High efficiency photon counting detectors in use today for high energy particle detection applications have a significant spectral mismatch with typical sources and have a number of practical problems compared with conventional bialkali photomultiplier tubes. Numerous high energy physics experiments that employ scintillation light detectors or Cherenkov detectors would benefit greatly from photomultipliers with higher quantum efficiencies. The need for extending the sensitivity of photon detectors to the blue and UV wavebands comes from the fact that both Cherenkov light and some scintillators have an emission spectrum which is peaked at short wavelengths. This research involves the development of high quantum efficiency, high gain, UV/blue photon counting detectors based on AlGaN/InGaN photocathode heterostructures grown by molecular beam epitaxy (MBE).

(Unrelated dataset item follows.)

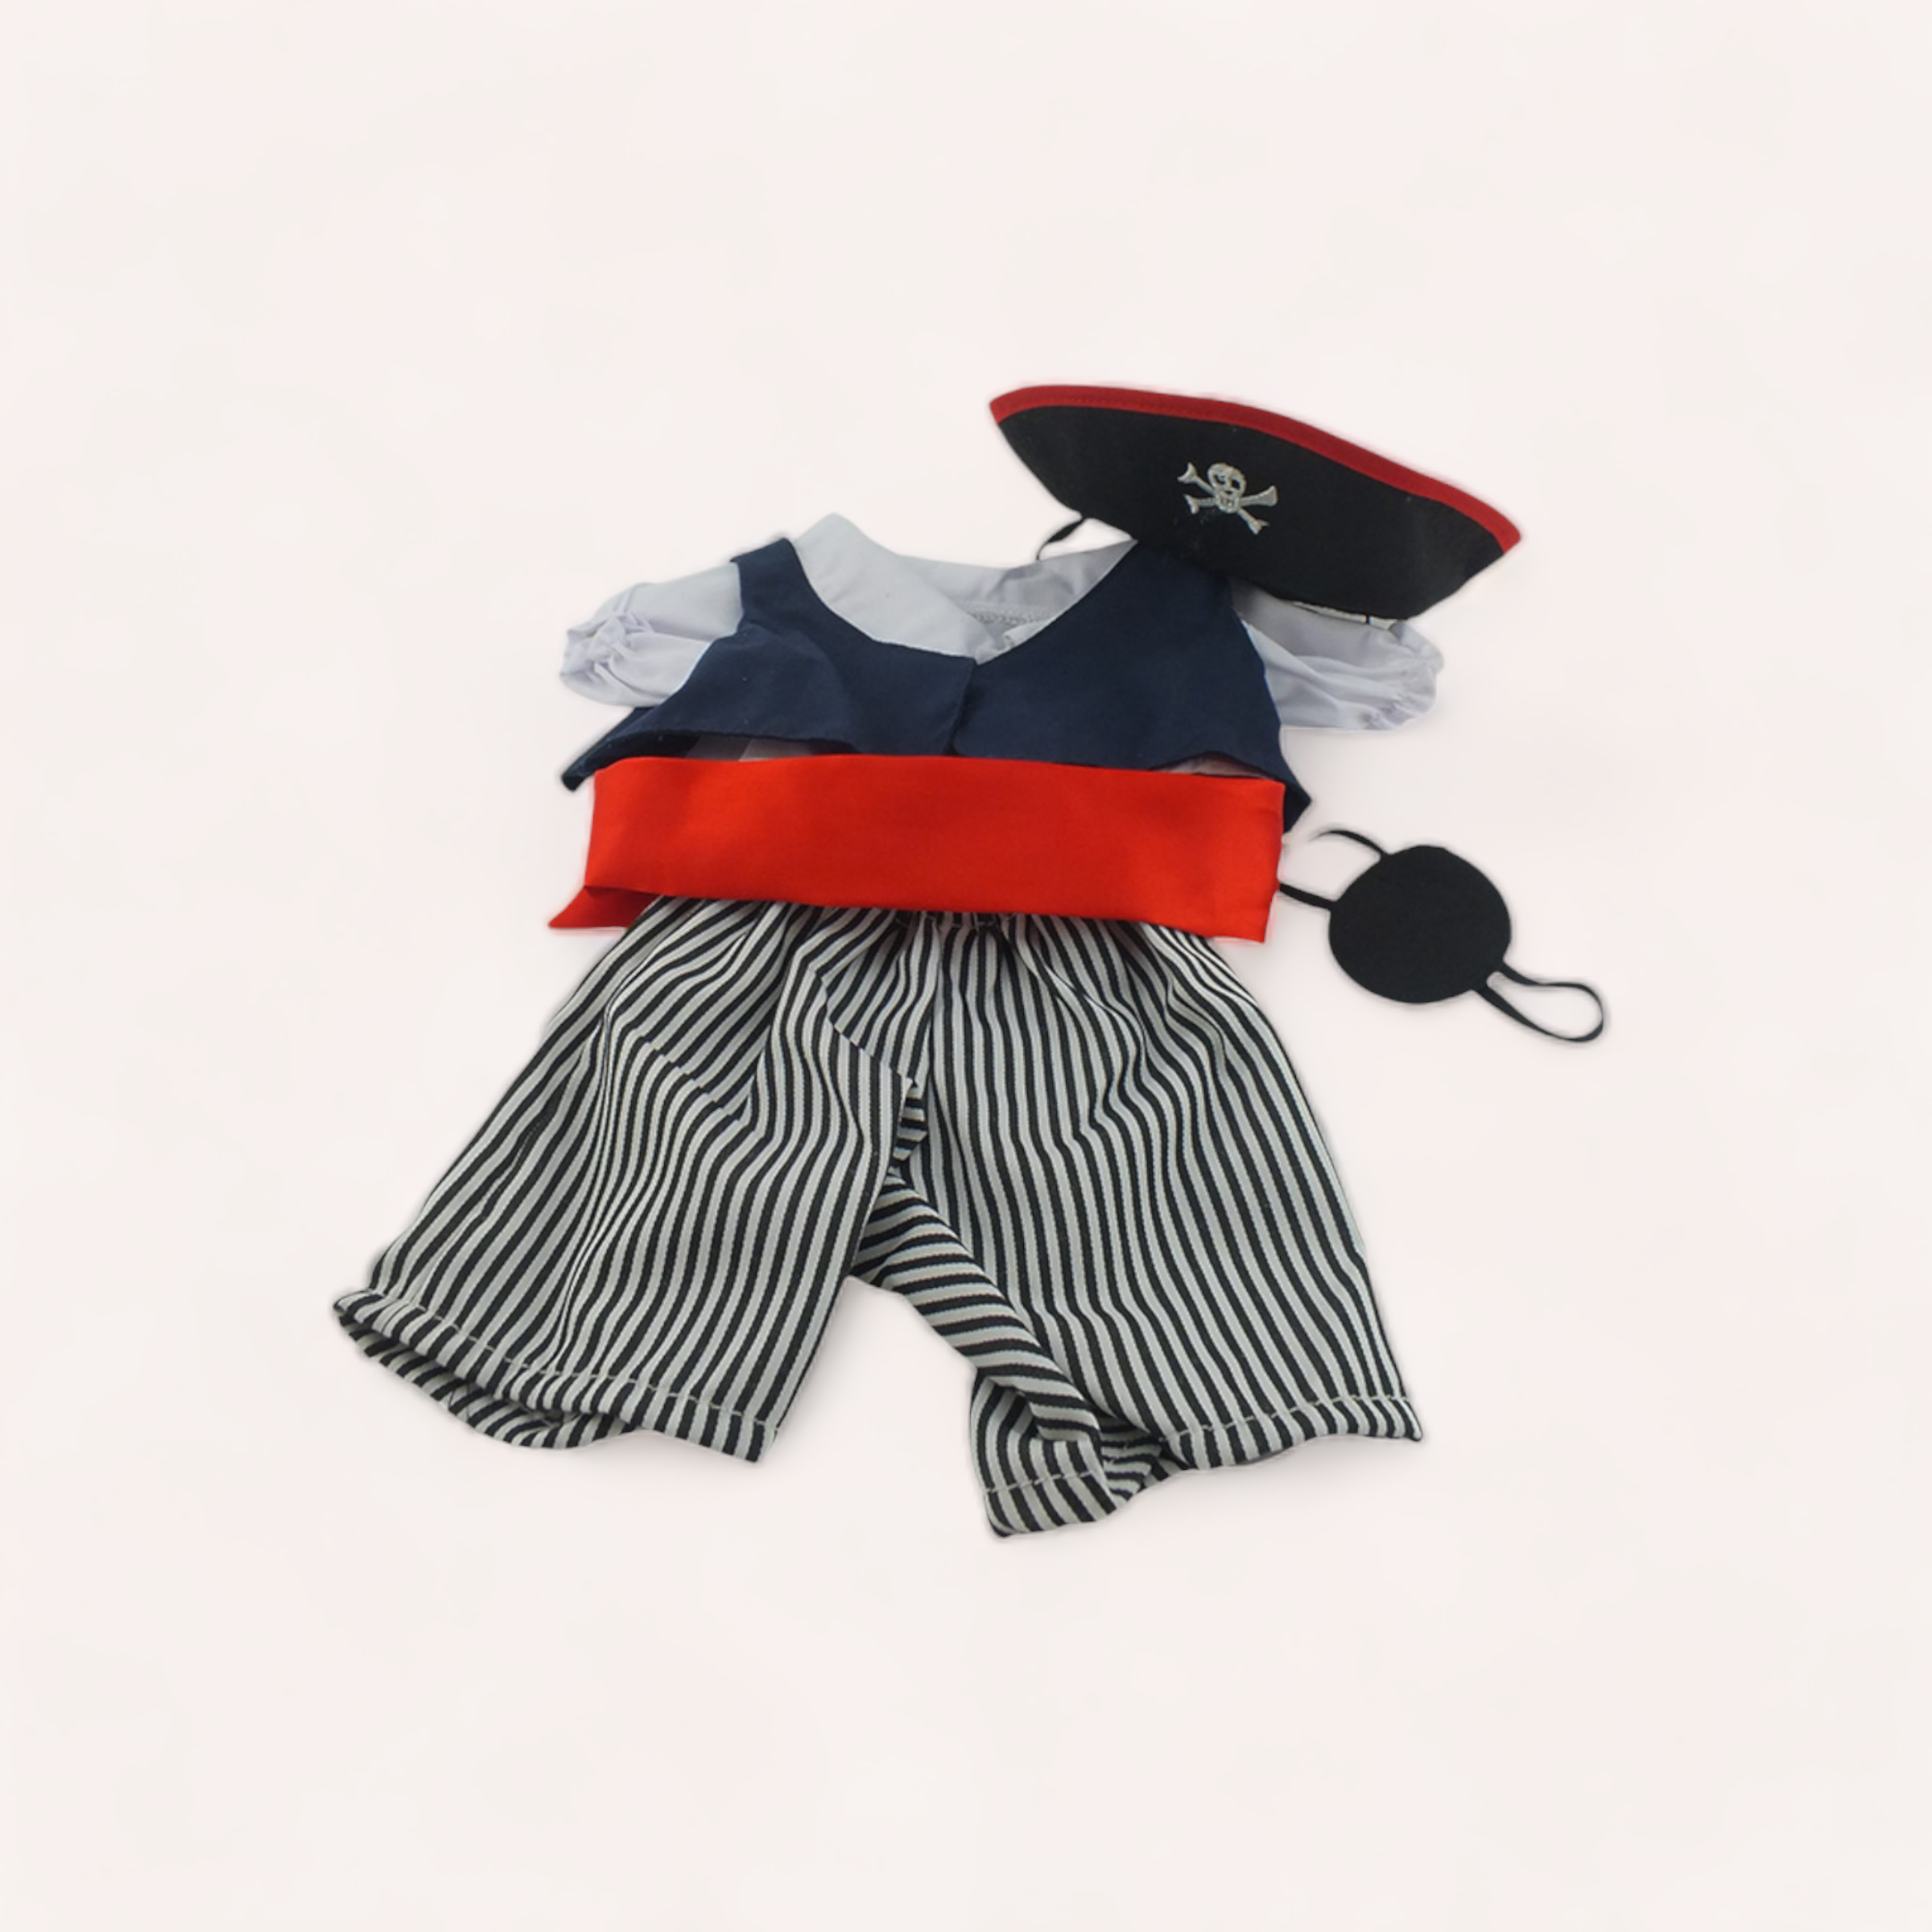 A Pirate Bear Outfit from The Teddy Factory with striped pants, a blue and red vest, white ruffled shirt, and a pirate hat with a skull and crossbones emblem, all laid out on a white.
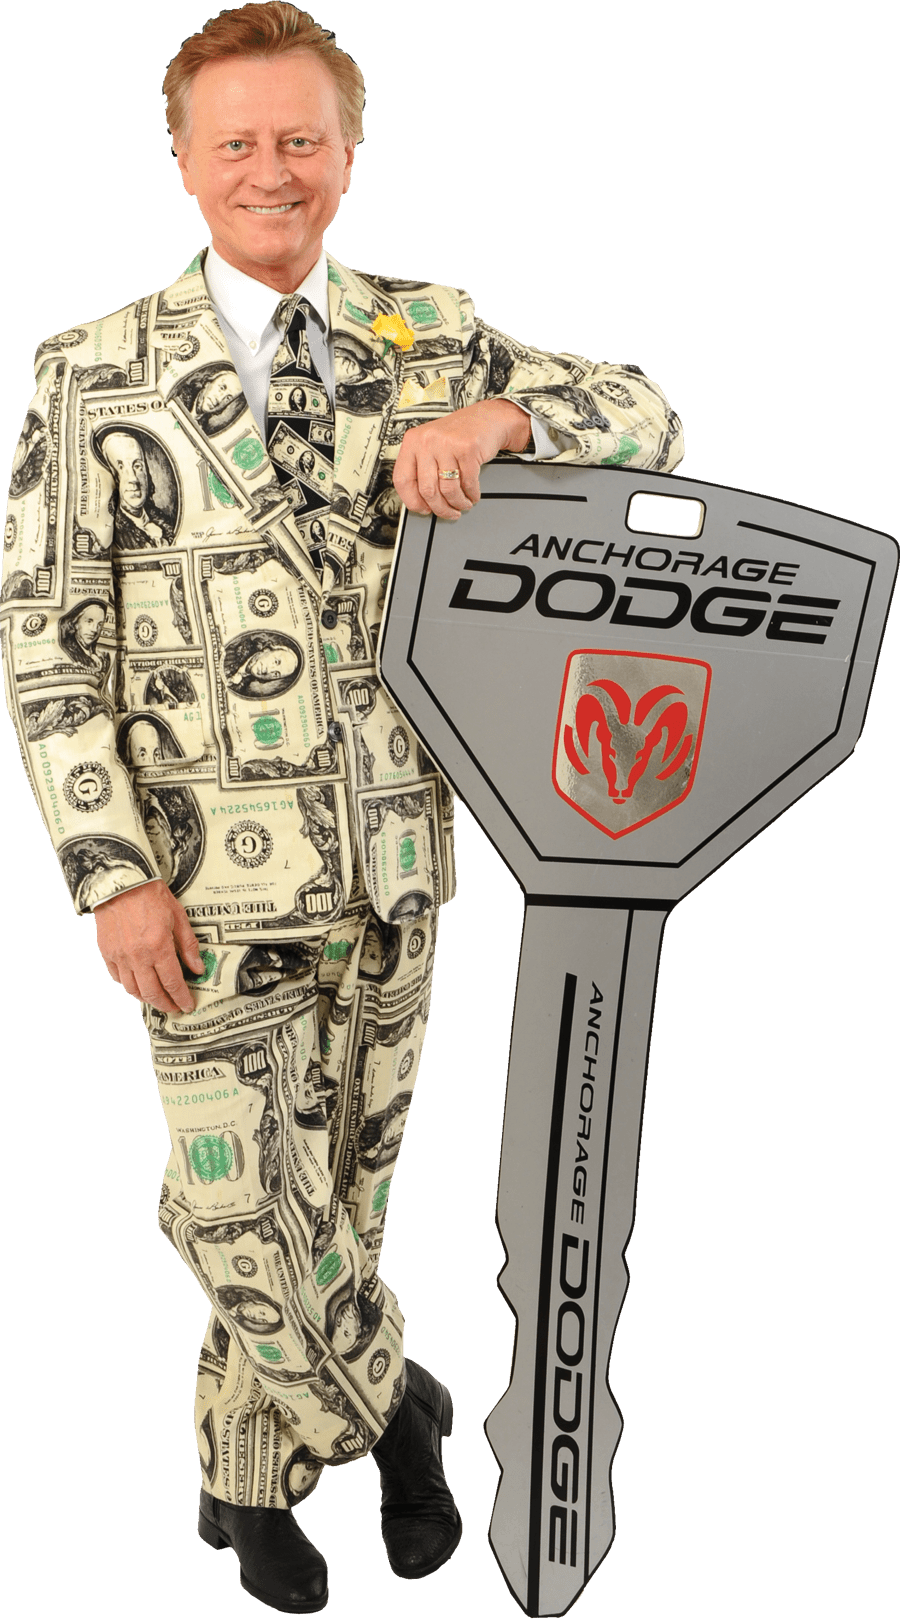 Man in a money suit standing next to key

The work could eventually lead to nearly ideal light detectors with a number of distinct advantages over existing technologies for numerous applications in high-energy physics and particle astrophysics. Potential advantages include much lower noise detection, better stability and radiation resistance than other cathode structures, very low radioactive background levels for deep underground experiments and high detection efficiency of individual UV-visible photons. We are also working on the development of photocathodes with intrinsic gain, initially improving the detection efficiency of hybrid semiconductor-vacuum tube devices, and eventually leading to an all-solid-state photomultiplier device.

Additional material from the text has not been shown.